Poly communities are small, so the ending of a relationship tends to affect more than two people. Break ups are common with lots of dating and multiple partners involved. There’s a lot of transitioning so things should be handled with maturity and style. I know, easier said than done when our feelings are hurt. But remember, there’s good chance you’re going to run into exes in the community so ruining your reputation is not a great idea.

The goal is to be able to co-exist in your poly community after a breakup. How you end things depends on the issues, but making a conscious decision that remaining friendly even if it takes some time after a break up is vital. Of course, there are exceptions such as when abuse is involved.

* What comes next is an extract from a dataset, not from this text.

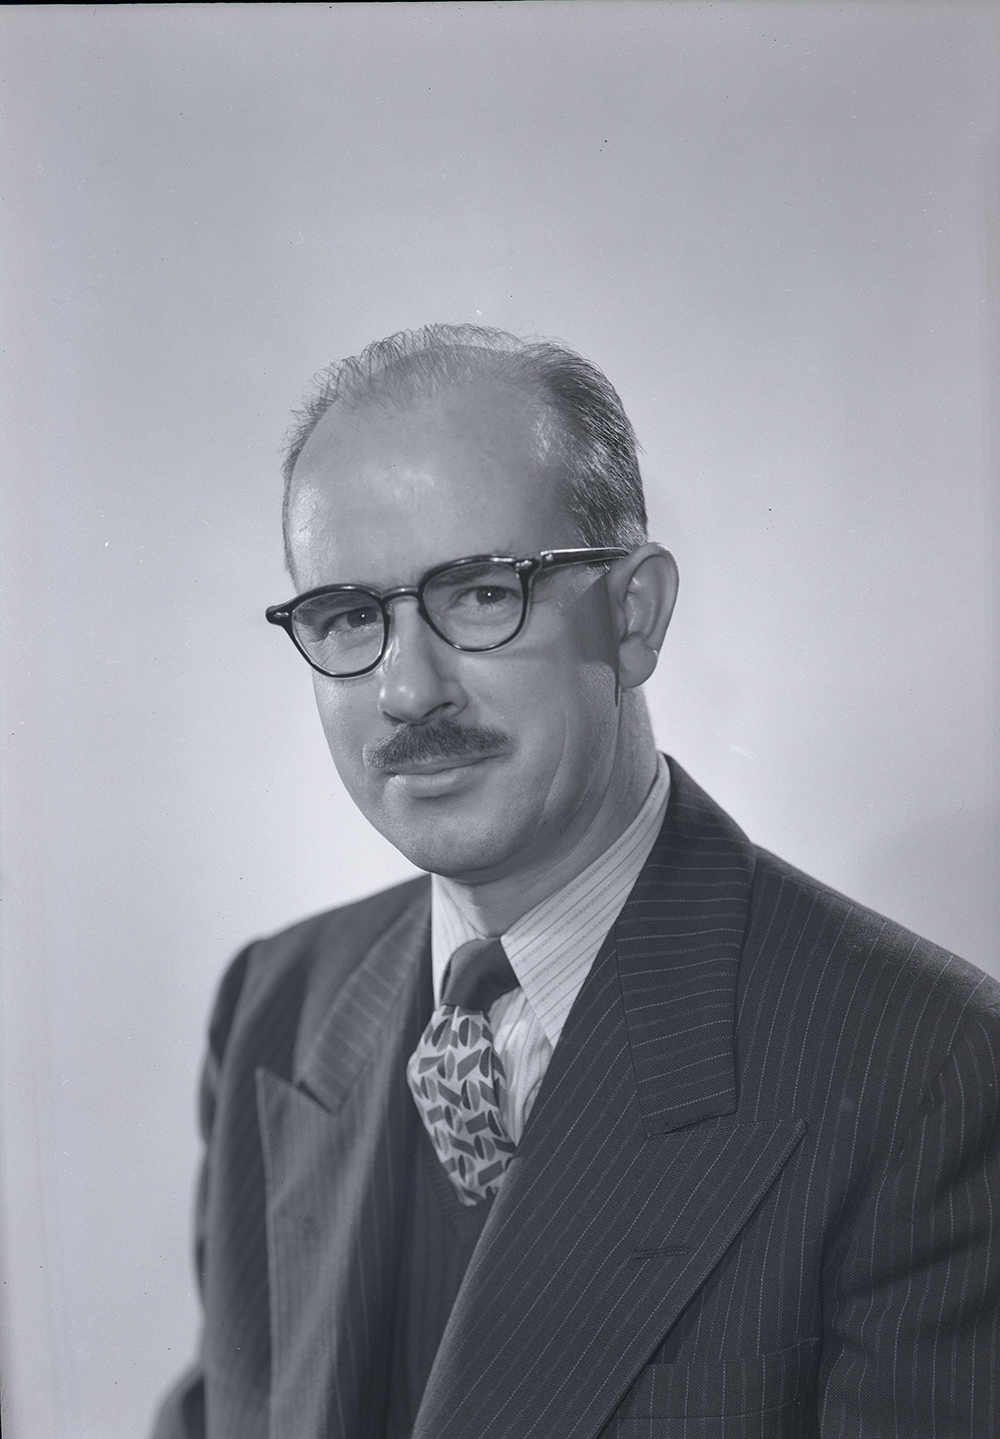 Samuel Musgrave portrait, 1952
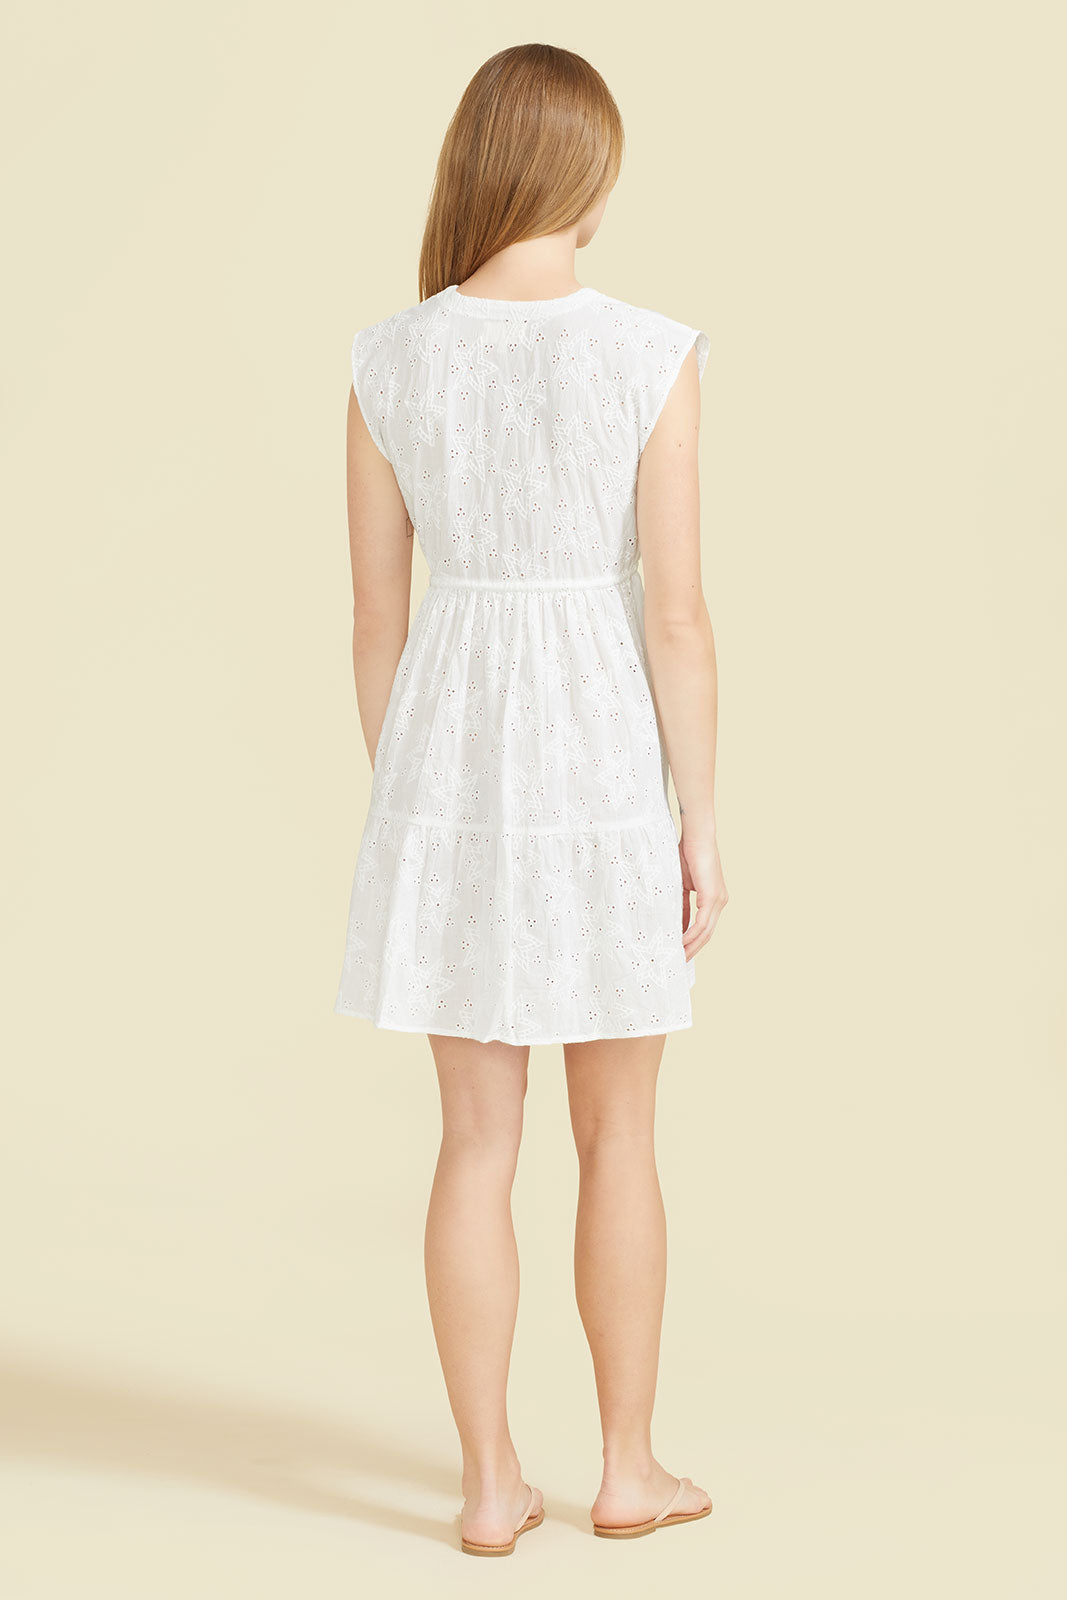 Ravello Dress - Starry White by Sitano

At the beginning of new relationships when other poly issues are being discussed, it’s a chance to also discuss how the two of you have handled endings in the past. Perhaps a potential partner’s current relations with exes is something to examine. This will help if your new relationship does end when NRE is in full swing – when it’s difficult to be rational and make good decisions. Long-term relationships have a better chance of ending maturely because communication skills have developed.

As in monogamous relationships, many poly partnerships that you see as lasting a lifetime don’t. Not trying to be a downer, just realistic. In triads, the thirds often come and go. Recognizing this will help you to appreciate the things in your life right now and changes easier to bear.

Whatever the reason for a breakup, no one will expect you to be best friends immediately, and you shouldn’t. No matter how well or bad things ended, it’s important to give your heart time to heal. When and if you’re ready for socialization, start slow in group situations rather than one-on-ones. Monitor how you feel.

If you need to take a break from the community, do it, polys understand. You have to be able to handle seeing your ex moving on with someone new or even with another ex – not easy! Just don’t avoid social events forever. It does get easier.

Also, don’t fixate on what other polys are thinking or possibly saying about your breakup. No one knows a relationship except for the two or three people directly involved. Worrying about what others think is a waste of time and will cloud your emotions. Most people are busy managing and enjoying their own relationships to worry about your love life.

Remember poly breakups happen a lot in the community, so focus on healing and moving on.